Greek leaders blow chance of quick EU bailout approval

15.02.2012 09:42

(Reuters) - Euro zone finance ministers have dropped plans for a face-to-face meeting on Wednesday on Greece's new international bailout, saying party leaders in Athens failed to provide the required commitment to reform.

With the European Union's patience at breaking point, ministers downgraded the talks to a telephone conference call, almost certainly killing off any chance they would approve a 130 billion euro ($170 billion) bailout on Wednesday which Greece needs by next month to avoid a messy bankruptcy.

Ministers in the Eurogroup said Greece had failed to say how it would fill a 325 million euro gap in budget cuts promised for 2012 and to persuade all party leaders to sign a commitment to implement austerity measures after an election expected in April.

A government source said late on Tuesday that Antonis Samaras, who will probably be the next prime minister, would sign the commitment on Wednesday morning - again running up against a deadline and infuriating EU leaders.
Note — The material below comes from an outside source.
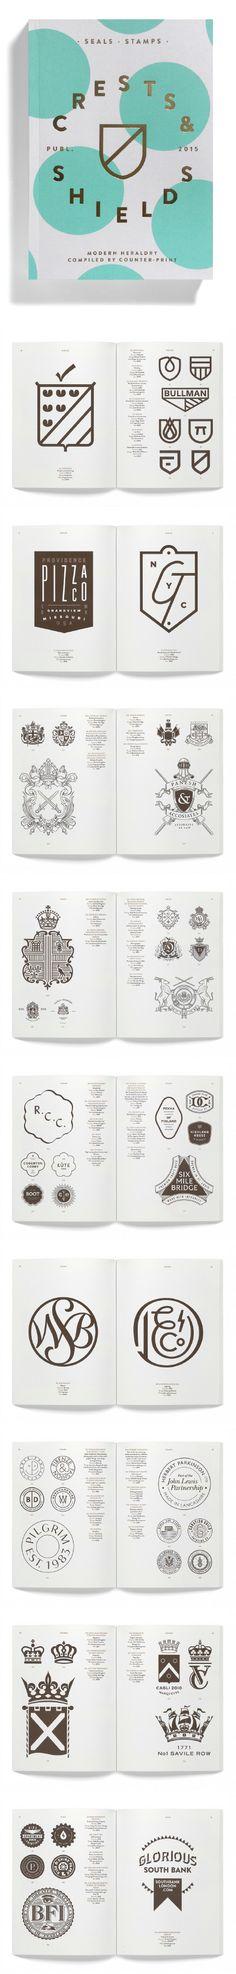 Modern Heraldry - Counter Print

Samaras has criticized the measures, which parliament passed early on Monday as rioters wrecked buildings across central Athens. He says the cuts could plunge the country, already in its fifth year of recession, into an even bigger slump.

When parliament debated the austerity package on Sunday he indicated that he would try to renegotiate the terms of the bailout, increasing doubt in the minds of European leaders.

"So far Samaras has not given a letter of commitment and this is a problem," a source familiar with the bailout negotiations told Reuters on condition of anonymity. Samaras's New Democracy party declined to comment.

Time is running out for Greece as it faces a chaotic default if it cannot meet 14.5 billion euros in debt repayments due on March 20 and its brinkmanship has forced some EU leaders to suggest Athens should leave the euro zone currency union.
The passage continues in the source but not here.